Loading Data into a DataFrame Using an Explicit Schema
If you know the schema of your data, you can specify an explicit schema when loading a DataFrame.
The following example loads data into a user profile table using an explicit schema:
import org.apache.spark.sql.SparkSession
import com.mapr.db.spark.sql._
val addressSchema = StructType(StructField("Pin", IntegerType) ::
StructField("city", StringType) ::
StructField("street", StringType) :: Nil)
val personSchema = StructType(StructField("_id", StringType) ::
StructField("first_name", StringType) ::
StructField("last_name", StringType) ::
StructField("address", addressSchema) ::
StructField("interests", ArrayType(StringType)) :: Nil)
val df = sparkSession.loadFromMapRDB("/tmp/user_profiles", personSchema)
import com.mapr.db.spark.sql.api.java.MapRDBJavaSession;
import org.apache.spark.sql.SparkSession;
StructField[] addressSchema = {
new StructField("Pin", IntegerType, true, Metadata.empty()),
new StructField("city",StringType, true, Metadata.empty()),
new StructField("street", StringType, true, Metadata.empty())
};
StructField[] schemaFields = {
new StructField("_id", StringType, true, Metadata.empty()),
new StructField("first_name", StringType, true, Metadata.empty()),
new StructField("address", new StructType(addressSchema), true, Metadata.empty()),
new StructField("interests", new ArrayType(StringType, true), true, Metadata.empty())
};
StructType personSchema = new StructType(schemaFields);
MapRDBJavaSession maprSession = new MapRDBJavaSession(sparkSession);
Dataset<Row> df = maprSession.loadFromMapRDB("/tmp/user_profiles", personSchema);
from pyspark.sql import SparkSession
addressSchema = [StructField("Pin", IntegerType(), True),
StructField("city", StringType(), True),
StructField("street", StringType(), True)]
schemaFields = [StructField("_id", StringType(), True),
StructField("first_name", StringType(), True),
StructField("last_name", StringType(), True),
StructField("address", StructType(addressSchema), True),
StructField("interests", ArrayType(StringType()), True)]
personSchema = StructType(schemaFields)
df = spark_session.loadFromMapRDB("/tmp/user_profiles", personSchema)
To create the DataFrame object named df
, pass the schema as a parameter to
the load call. Invoke the loadFromMapRDB
method on a
SparkSession
object.
The resulting schema of the object is the following:
df.printSchema()
----------------------------------
root
|-- _id: String (nullable = true)
|-- first_name: String (nullable = true)
|-- last_name: String (nullable = true)
|-- address: Struct (nullable = true)
| |-- Pin: integer (nullable = true)
| |-- city: string (nullable = true)
| |-- street: string (nullable = true)
|-- interests: array (nullable = true)
| |-- element: string (containsNull = true)

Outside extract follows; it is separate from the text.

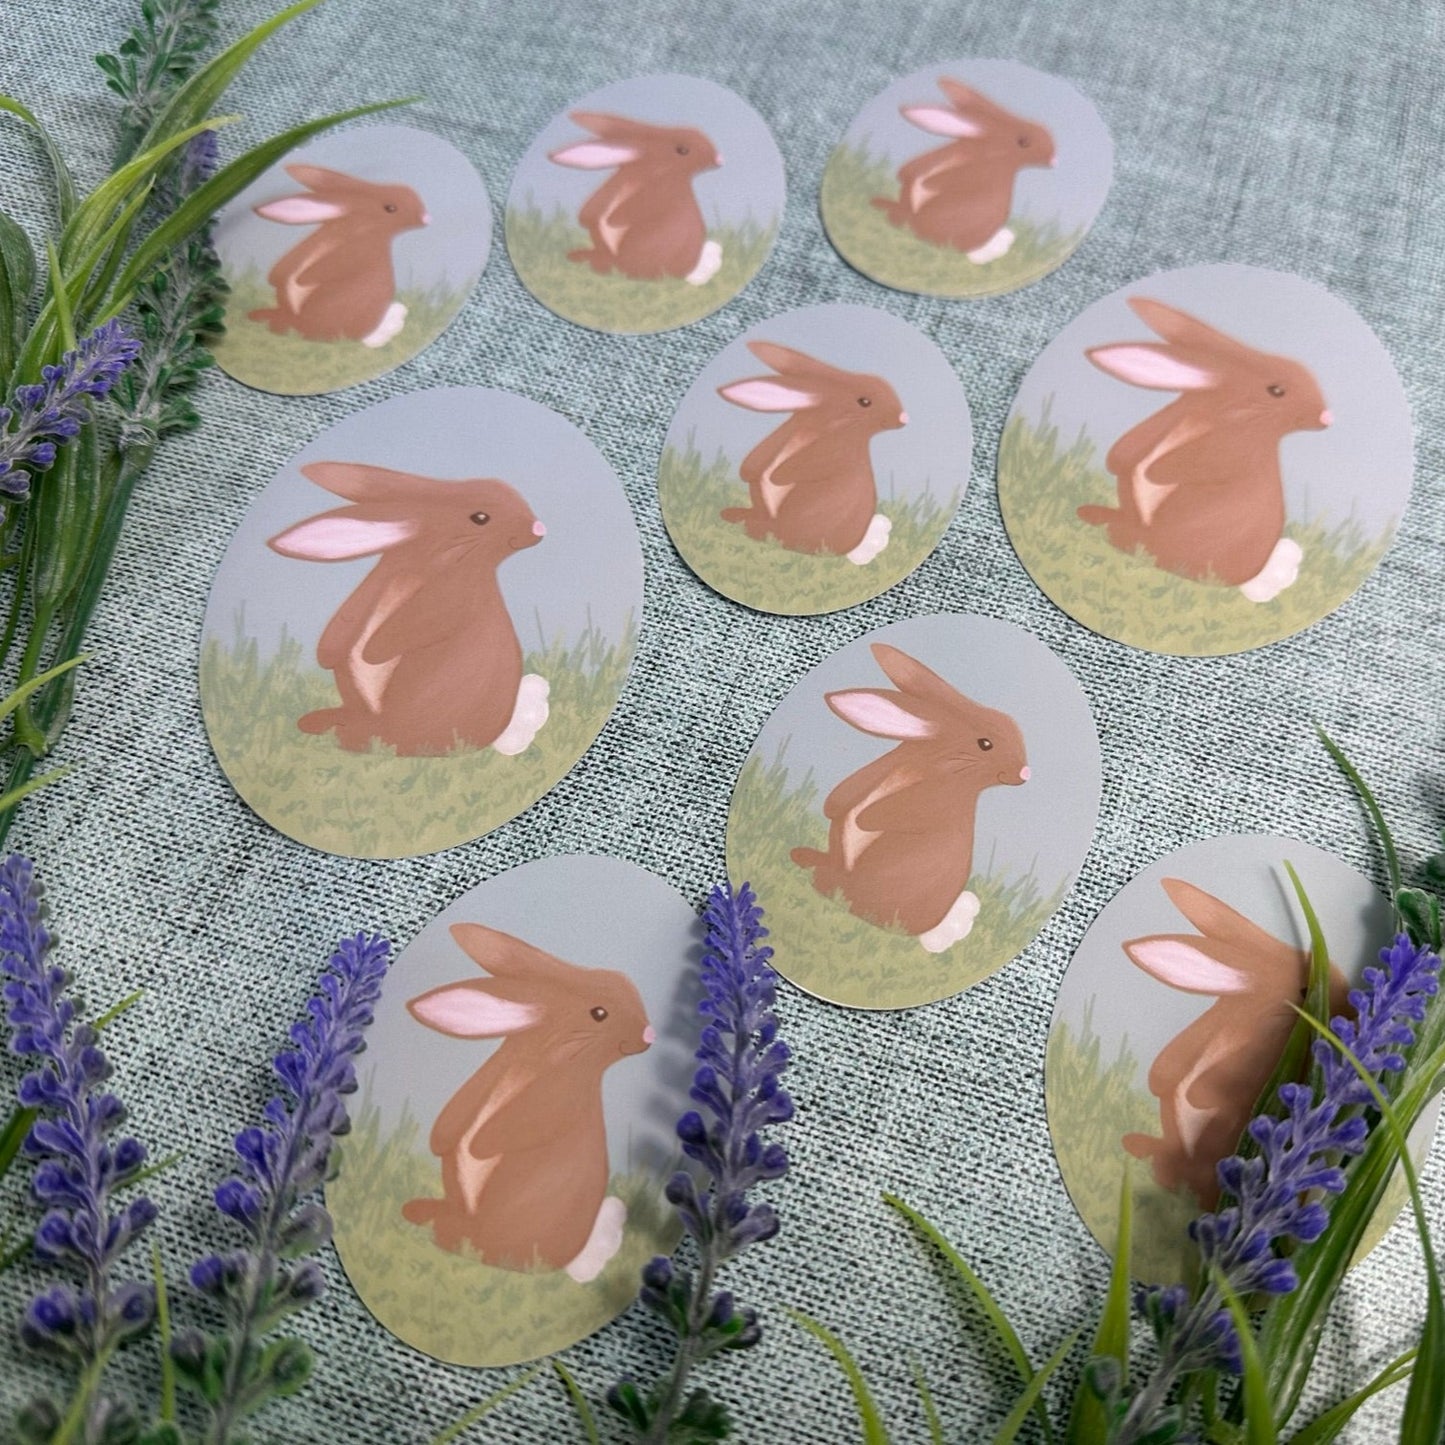 Bunny rabbit in a field Waterproof Vinyl Sticker

When specifying StructField
in a schema, optionally specify whether the
field is nullable. In the example above, all fields are nullable.
Depending on the nullability of the field in the schema and the existence of fields in the
HPE Ezmeral Data Fabric Database table, the load returns an InvalidSchema
exception in the following
cases:
- The schema contains a non-nullable field and the load attempts to put a NULL value into the field.
- The schema contains a non-nullable field and the field does not exist in the HPE Ezmeral Data Fabric Database table.
- The HPE Ezmeral Data Fabric Database table has fields that do not exist in the specified schema.